As if to punctuate Belinda’s point, Trixie’s eyes opened. Her hands came up, and fingers as cold as ice stroked my cheek.

“Dom,” she whispered.

“Darling,” I said, pouring myself fully into the stream of hope crashing around me. “Trixie. I’m so sorry. I love you more than anything. I never intended to hurt you.”

“I know,” she murmured. “I know, Dom.

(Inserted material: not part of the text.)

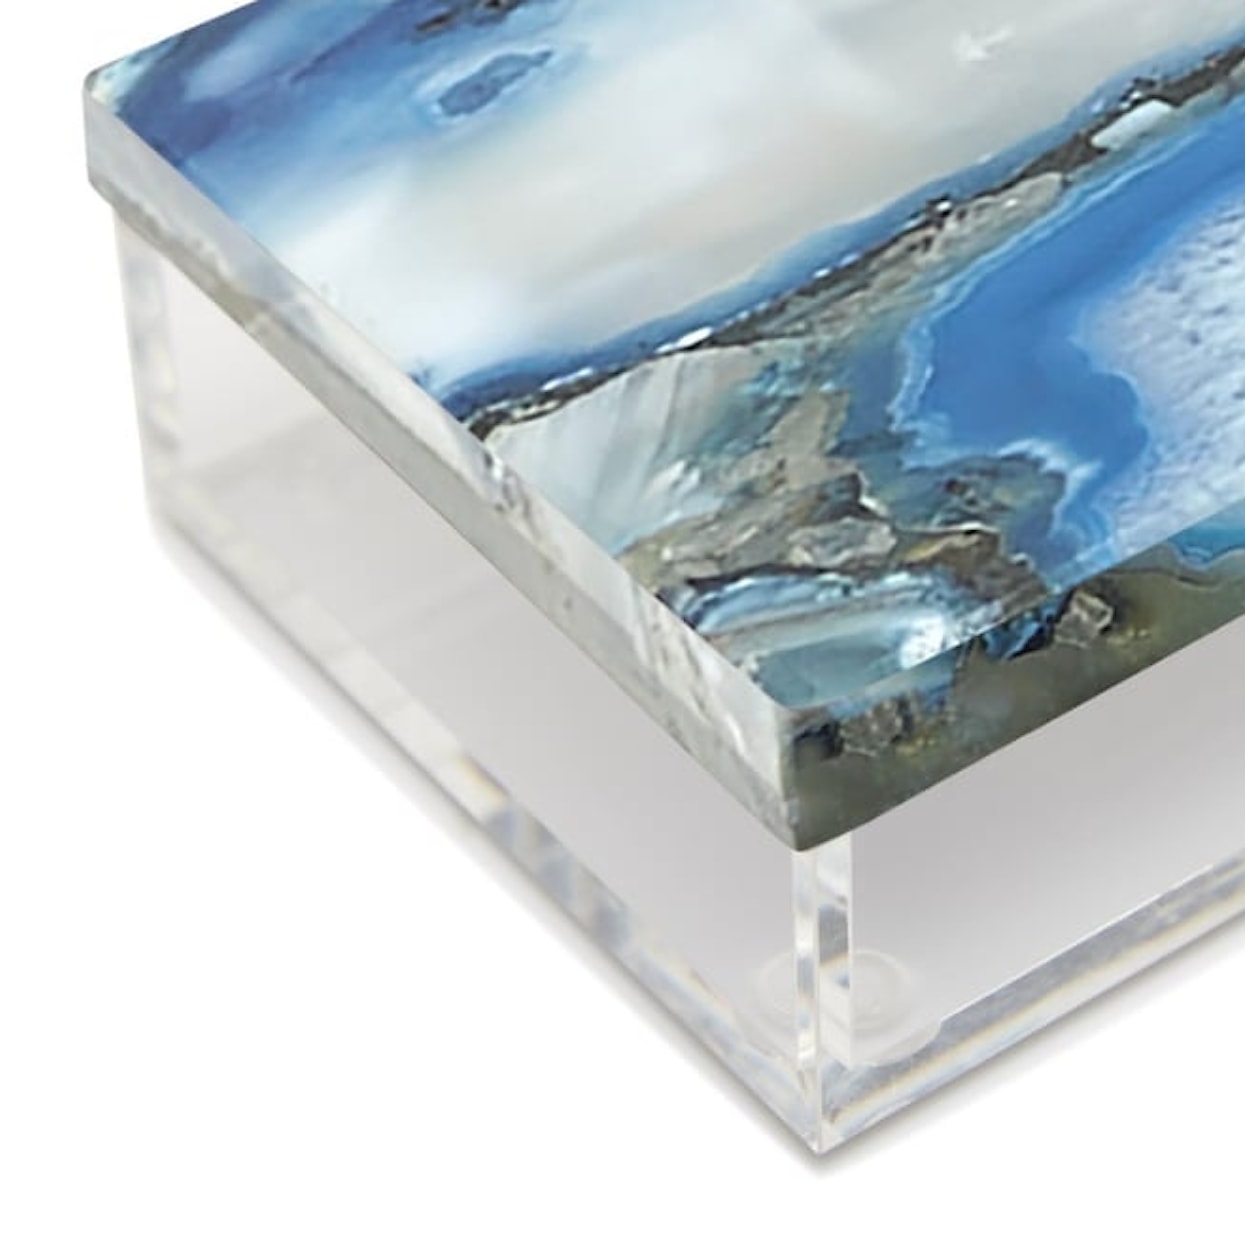 Two's Company Urban Nest Set of 2 Blue Agate Boxes

You lovable idiot.”

Chapter 27

Two weeks later

Trixie

“Are you sure you’re ready?” Dom rested a reassuring hand on my back. “You don’t have to return to your apartment at all. I can hire movers to pack your things. You can stay with me in the penthouse. Forever, if you want.”

I leaned against Dom. He’d spent the last two weeks helping me back to health, along with the constant array of nursing staff who were lovely but a little overbearing, in his penthouse. It’d taken me two days to convince the staff he’d hired that I was perfectly able to use the bathroom without assistance.

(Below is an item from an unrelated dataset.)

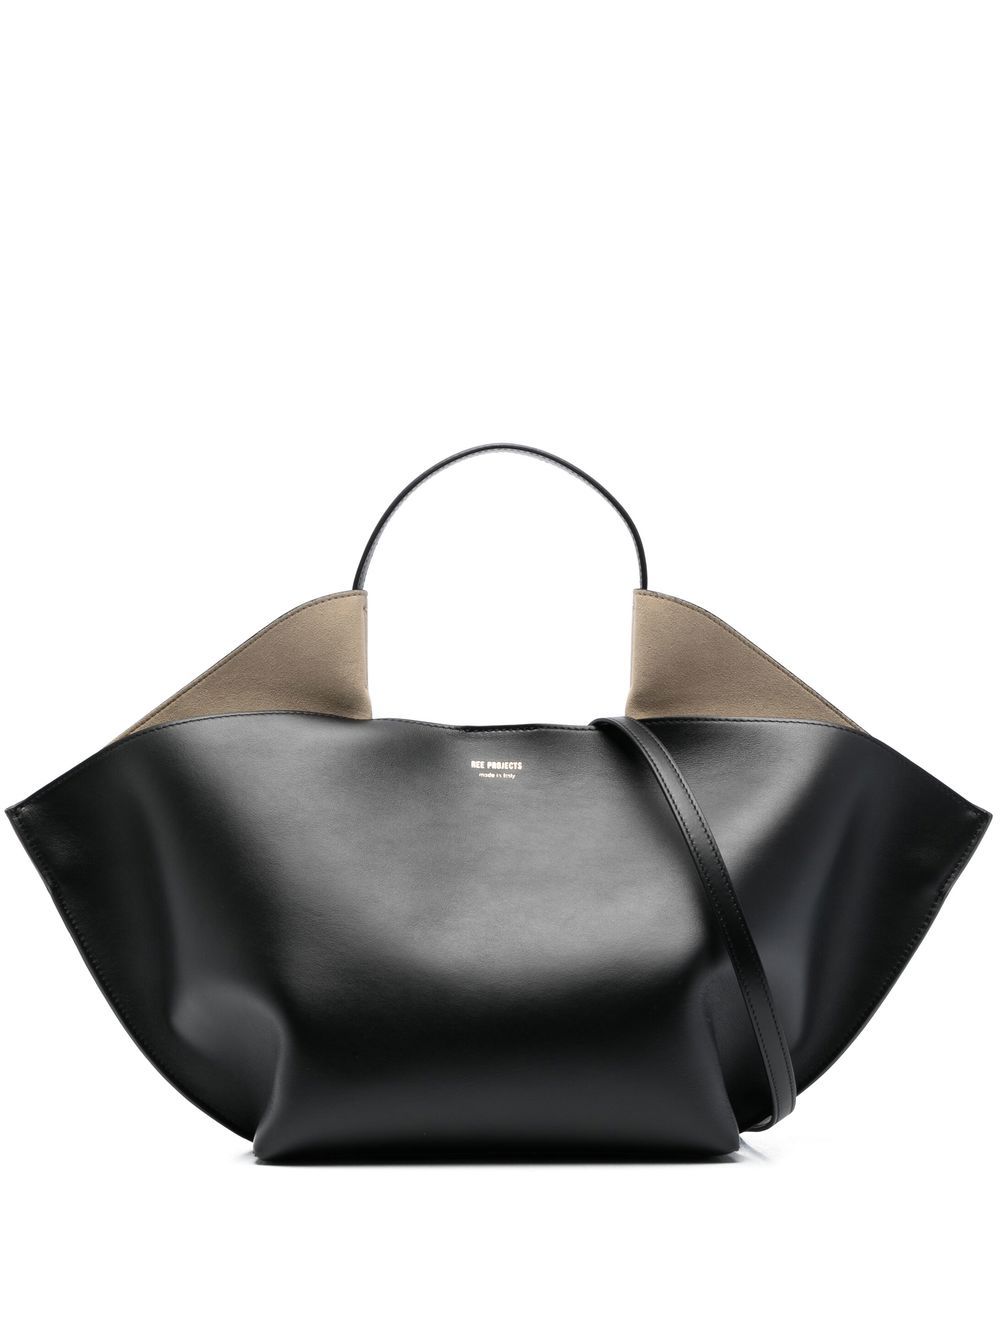 REE PROJECTS medium Ann leather tote bag - Black von REE PROJECTS

“I feel okay,” I said, meaning it. “I do need to be back here.”

The black fennel magic Belinda had administered in that warehouse basement had taken a lot out of me, but it had saved my life. I was getting my strength back slowly but surely, and I was finally feeling a few standard deviations away from normal again.

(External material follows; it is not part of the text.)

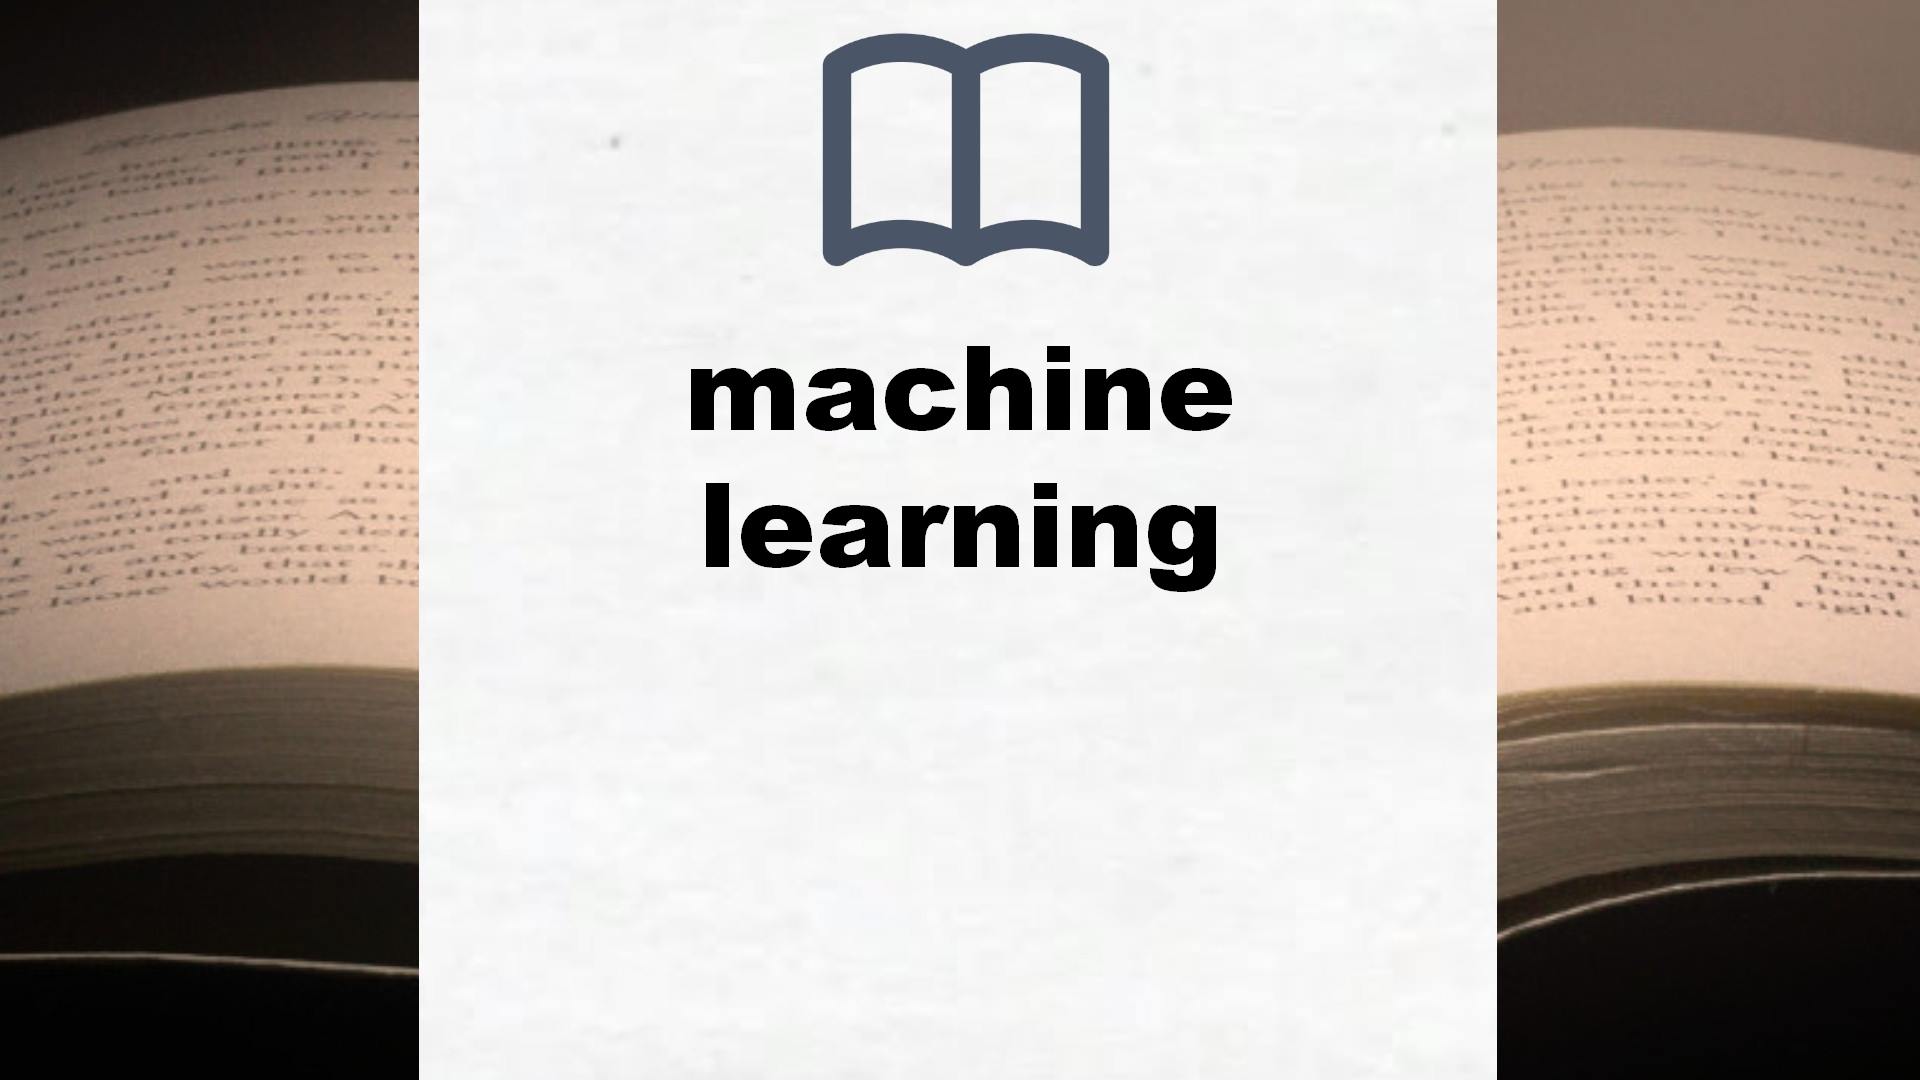 Libros sobre machine learning

We stood outside of my apartment on the seventh floor, a place I hadn’t stepped foot since Levian and Sebastian had ransacked it. I had no clue what sort of shape it’d be in. Emmy had been living here, but honestly, she’d been spending so much time sleeping on the couch in the penthouse to keep me company that I couldn’t imagine she’d had much time to put our things back in order.

I opened the door on the seventh floor, let myself in, and found Emmy sitting at the kitchen table, a cup of steaming coffee in hand. She looked up and smiled brightly at me.

“I made coffee! Dom said you’d be back today.” Emmy waved her hand at a mug. “Welcome home. You know, temporarily.”

I blinked. My apartment was just as I’d left it, except better.

At first glance, I wondered if I’d made up the home invasion. My plants were all in their proper places looking healthier than ever. Then, I started to isolate some of the details that informed me indeed, I hadn’t imagined anything.

Some of my plants had been potted into new homes, probably because their old pots had been broken. Books had been placed back on their proper shelves, but some of the covers looked too new and too shiny to be the same copies I’d had before. Picture frames had been replaced with nicer versions, lamps were all bright and unbroken, and there wasn’t a shard of stray glass on the floor.

“You did all this?” I said to Emmy. “You should’ve waited—”

“I didn’t lift a finger,” Emmy corrected. “This man here handled everything.” She nodded at Dom with a new fondness. “He even had the Society of Magical Sciences come in and replace all of my lab equipment with the best in the industry.”

“My plants?” I turned to Dom.

“I had a few gardeners from Le Jardín pop over and work their magic,” Dom muttered. “Just so you didn’t have to worry about it.”

“It’s too much. It’s perfect.”

Dom cleared his throat. “On that note, about the sale of the building...”

“Dom—”

“Wait.” He took a breath. “I’ve put it on pause for now. Extenuating circumstances.”